Within the degenerative and deformity populations undergoing complex spine surgery, the mFI and 5-item mFI are sensitive risk stratification tools for predicting postoperative AEs. These tools have been validated using a robust study methodology in large cohorts with accurate, precise and reproducible risk estimates. Additionally, the mFI and 5-item mFI are reliable tools given the high degree of concordance between their respective frailty tiers. Lastly, since few deficits are required to assess frailty, both tools are easily applicable without the need for an extensive chart review, special tests or training.
The mFI is not a sensitive risk stratification tool in the non-complex degenerative, tumor, or trauma spine populations due to conflicting evidence, poor study methodology, and construct limitations of the mFI. Since the mFI is mainly composed of deficits that assess comorbidity status, it is not sensitive for assessing the multiple systems affected by frailty. Consequently, in healthy patients with little to no comorbidities undergoing spine surgery, the mFI is significantly underpowered as a risk stratification tool 24, 27. In the tumor population, the construct does not account for the physiological effects of metastatic disease, such as tumour burden and adjunctive therapy. These factors influence underlying physiological reserve and confound the relationship between frailty and postoperative AEs 35, 36, 79. Within the thoracolumbar trauma population, poor study design and insufficient evidence limit the validity of the mFI as a risk stratification tool. Finally, in the tSCI population, the magnitude of the injury, patient age, and total motor score on admission overpowers any association between the mFI and postoperative AEs 33.

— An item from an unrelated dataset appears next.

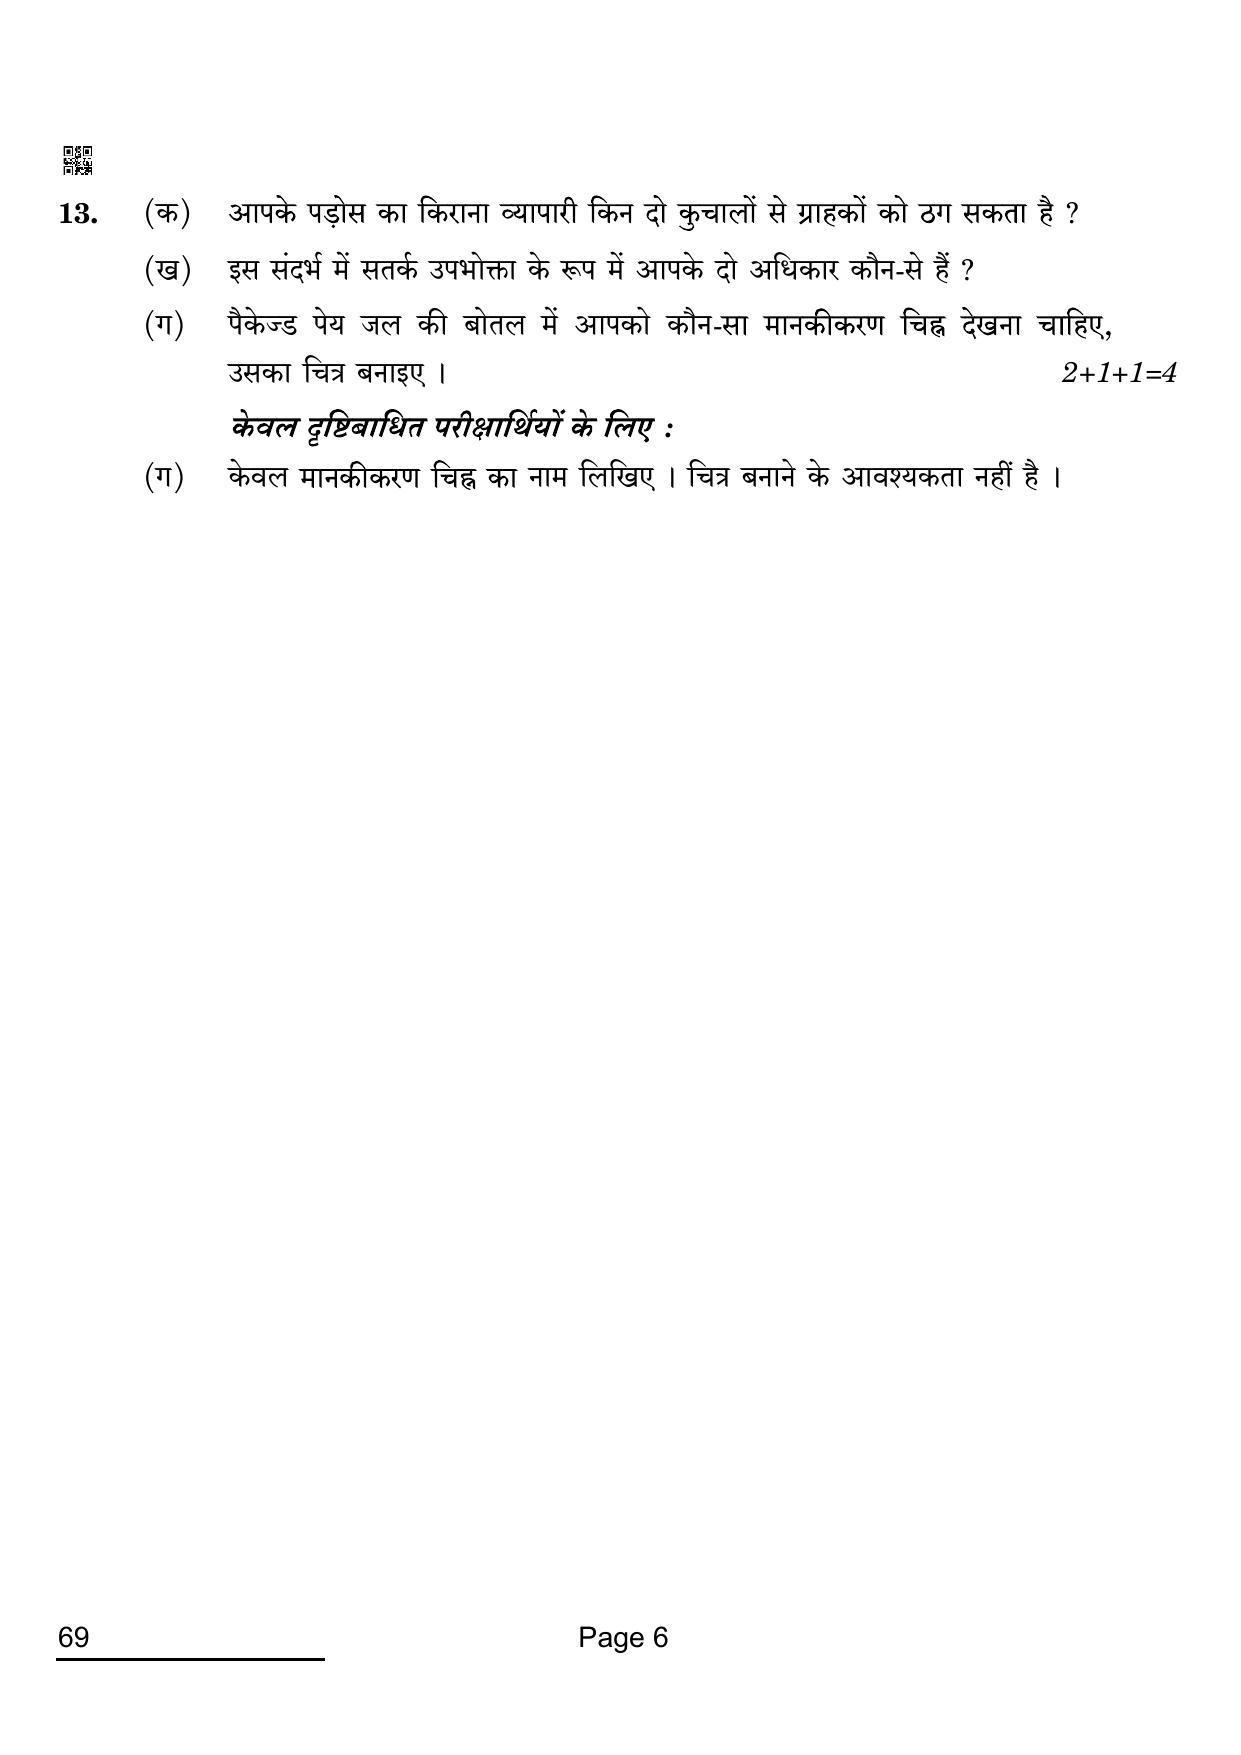 CBSE Class 12 69_Home Science 2022 Question Paper - Page 6

The constructs of the mFI and 5-item mFI significantly deviate from the general multisystem concept of frailty. A valid frailty index must contain 30–40 deficits in which each deficit covers a range of systems, is associated with overall health status, increases in prevalence with age, and cannot saturate early 80. Frailty indices containing few deficits, such as the mFI and 5-item mFI, are prone to instability and imprecise index estimates 80. Furthermore, during the design of the mFI and 5-item mFI, the reduction of frailty deficits from the 70-item CHSA-FI was performed without analysis of convergent validity 81. This raises concern as to whether the mFI and 5-item mFI are of the same degree of construct as the CHSA-FI. Lastly, the non-modifiable constructs of the mFI and 5-item mFI limit the sensitivity of these frailty tools to capture clinical changes. Yagi et al identified that despite optimization of each mFI factor, no significant reduction in postoperative AEs was observed when compared against the non-frail cohort 30. Therefore, the mFI and 5-item mFI are applicable as risk stratification tools only.

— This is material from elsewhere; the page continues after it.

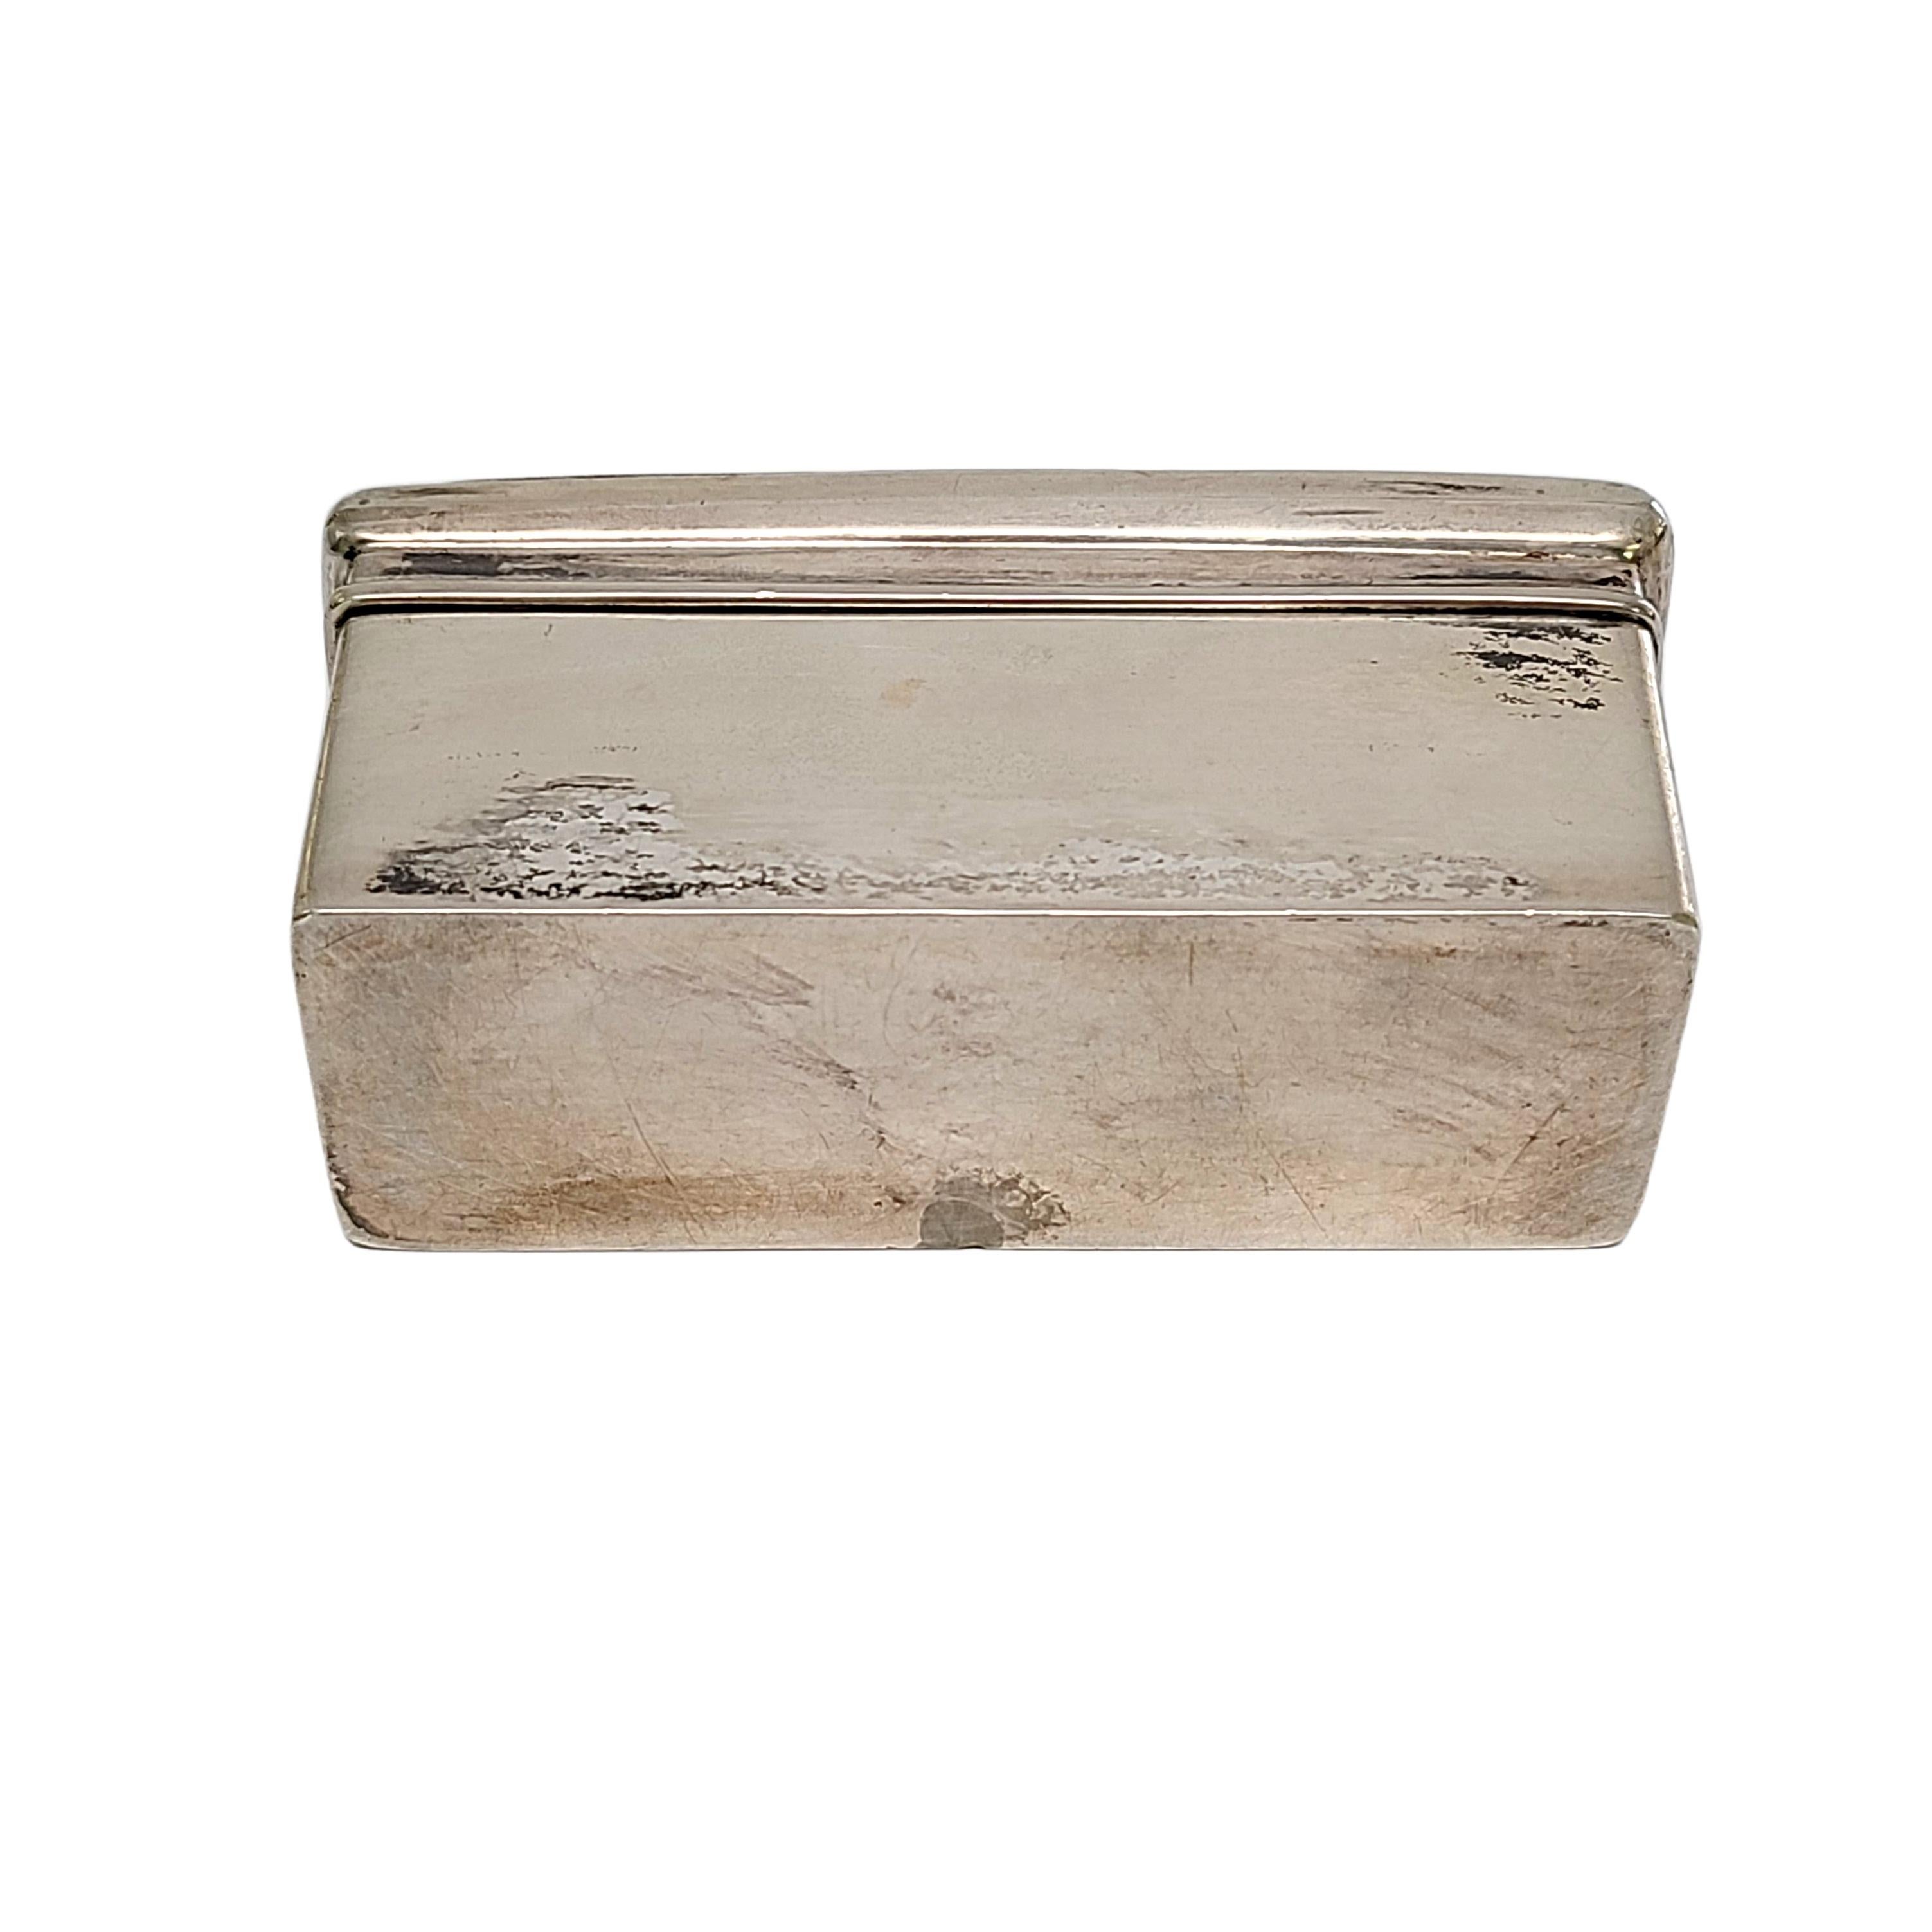 Women's or Men's Silver Rectangle Trinket Box with Engraving For Sale

The ASD-FI, developed by Miller et al, was constructed using variables within the International Spine Study Group (ISSG) database that met the frailty index inclusion criteria 48. Cutoff values were then applied to stratify the population into robust, frail, and severely frail cohorts. Since its development, the ASD-FI has demonstrated to be a valid risk stratification tool for predicting postoperative AEs within the complex adult spinal deformity population. The ASD-FI also has several strengths as a risk stratification tool compared to the mFI and 5-item mFI. The ASD-FI was developed using a standard methodology for creating accurate and precise frailty indexes 50. The ASD-FI is also a more sensitive frailty tool as it evaluates a greater number of health domains within the frailty syndrome. The ASD-FI has also been extensively validated within the complex adult spinal deformity population as a risk stratification tool. In a series of studies by Miller et al, the ASD-FI reliably predicted 2-year postoperative AEs in external and internal validation cohorts 48–50. The mFI and 5-item mFI were validated in either a large national cohort with limited follow-up periods, underestimated complication rates and missing patient variables; or in small cohorts where patient age, lifestyle, and ethnicity impact surgical outcomes 28, 29. However, the number of deficits required to calculate the ASD-FI makes it clinically unfeasible. Given this, the mFI and 5-item mFI are more appropriate risk stratification frailty tools in the adult spinal deformity population.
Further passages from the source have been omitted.